2-propanol (isopropanol) precipitation yields less DNA than EtOH precipitation. (In my hands 60% less on average! Jasu) 2-propanol at RT reduces the risk of co-precipitation of salts (which can interfere with downstream experiments). 2-propanol is preferred for large volumes of DNA since less alcohol is required, plus it’s faster since it doesn’t require a cooling step. Glassy pellets from 2-propanol precipitation are harder to see than fluffy, salt-containing pellets from ethanol precipitation. 2-propanol pellets are also more loosely attached after centrifugation. Take care when decanting.

Size-dependent precipitation by PEG8000/MgCl2

  1. Protocol Size-selective DNA precipitation by PEG/MgCl2

A very easy and fast way to remove e.g. primers for downstream applications

Filtration/affinity columns

  1. Centrifugal filtration/Nucleic acids
    • for small DNA fragments (~50-200 bp in length)
    • removes proteins, nucleotides and salts
  2. Miniprep
    • for purifying plasmid DNA from E. coli cells
  3. QIAquick PCR purification
    • for typical DNA fragments (> 200 bp in length)

Products from the restriction need to a number of reagents removed from the previous restriction. These include salts (from buffers) and restriction enzymes. DNA can be removed and washed from solution by using column purification kits. Here is a rough description of how the kit works.

Step 1: Enhance DNA negative charge. DNA is negatively charged because of the phosphate backbone, so this step enhances the negative charge. In the Qiagen kit, the PB solution contains guanine chloride, a protein detergent and denaturant. The solution is also slightly acidic due to the low pH

Step 2: Stick the negative DNA to the positively charged resin. Load your negatively charged DNA product into the tube and centrifuge it (usually around 14,000 rpm for 1 min).

Step 3: Wash DNA to remove small pieces of DNA. This is achieved using Ethanol and Tris buffer and is labelled as the “PE” buffer in the Qiagen kit. This solution solubilizes smaller pieces of DNA so that they can be eluted from the column. Generally you add a large amount of this stuff and spin the column (~750mL of PE buffer, spin for 1 min).

Step 4: Remove excess EtOH. After dumping out the EtOH from the previous step, another spin is good to remove all the EtOH from the column and DNA so that it doesn’t get into the final eluted product. Spin for about 12 minutes at 14,000 rpm).

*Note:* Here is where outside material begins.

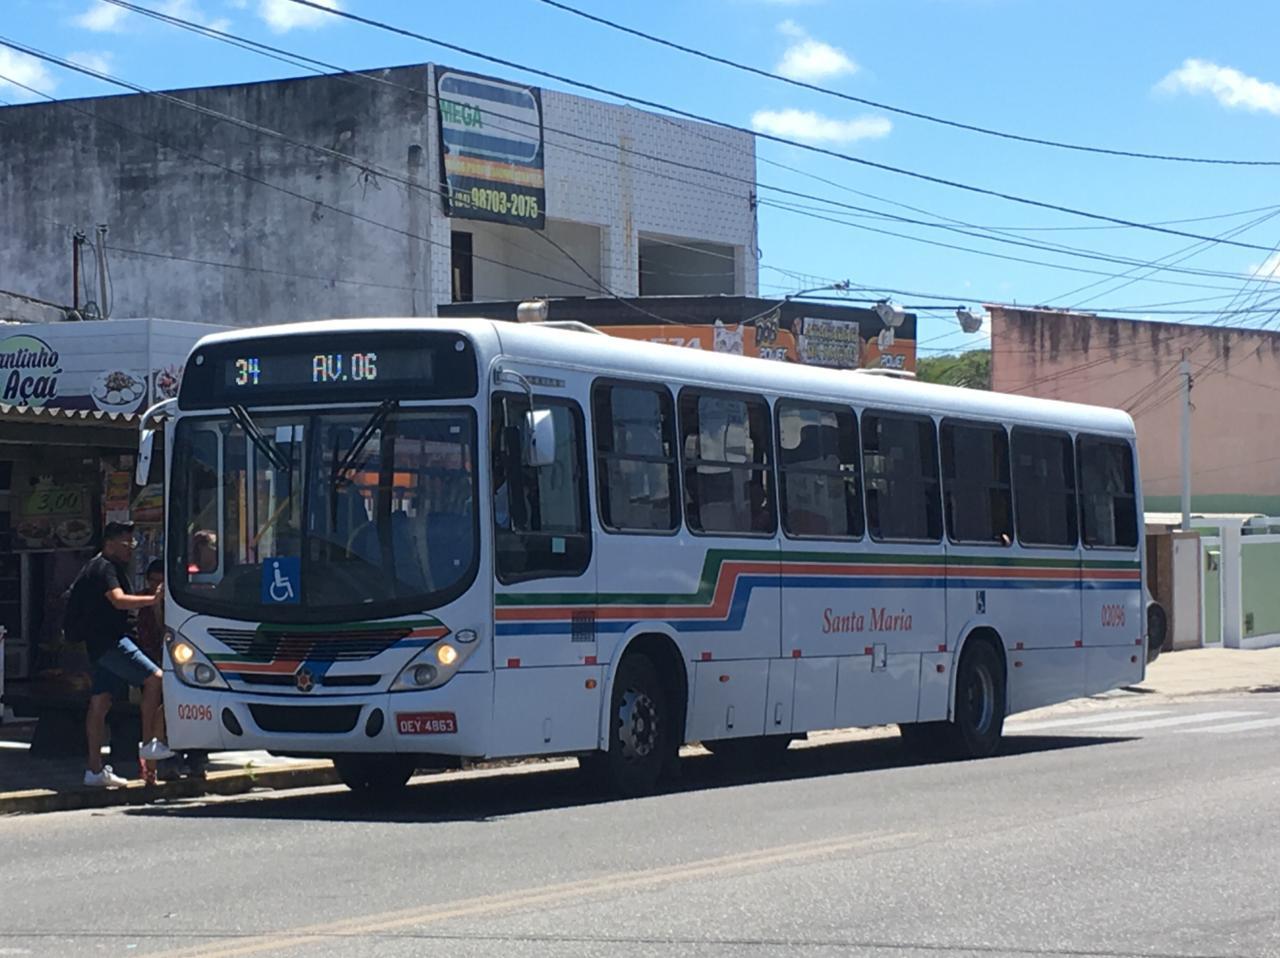 Volta de 100% da frota de ônibus só deve acontecer na semana que vem

Step 5: Elution. Elution buffer is Tris buffer with some EDTA at a pH of 8-8.5. EDTA binds to divalent cations, particularly magnesium (Mg2+). Tris has labile protons with a pKa of 8.30 (at 20 °C; this declines approximately 0.03 units per degree Celsius rise in temperature). Tris is often used when working with nucleic acids. Tris is an effective buffer for slightly basic solutions, which keeps DNA deprotonated and soluble in water. These ions are necessary co-factors for many enzymes; Magnesium is a co-factor for many DNA-modifying enzymes. Tris is toxic to mammalian cells, and reacts strongly with pH electrodes. It is a primary amine, and can thus react with aldehydes.

DNA is now stabilized and ready for long-term storage at -20C.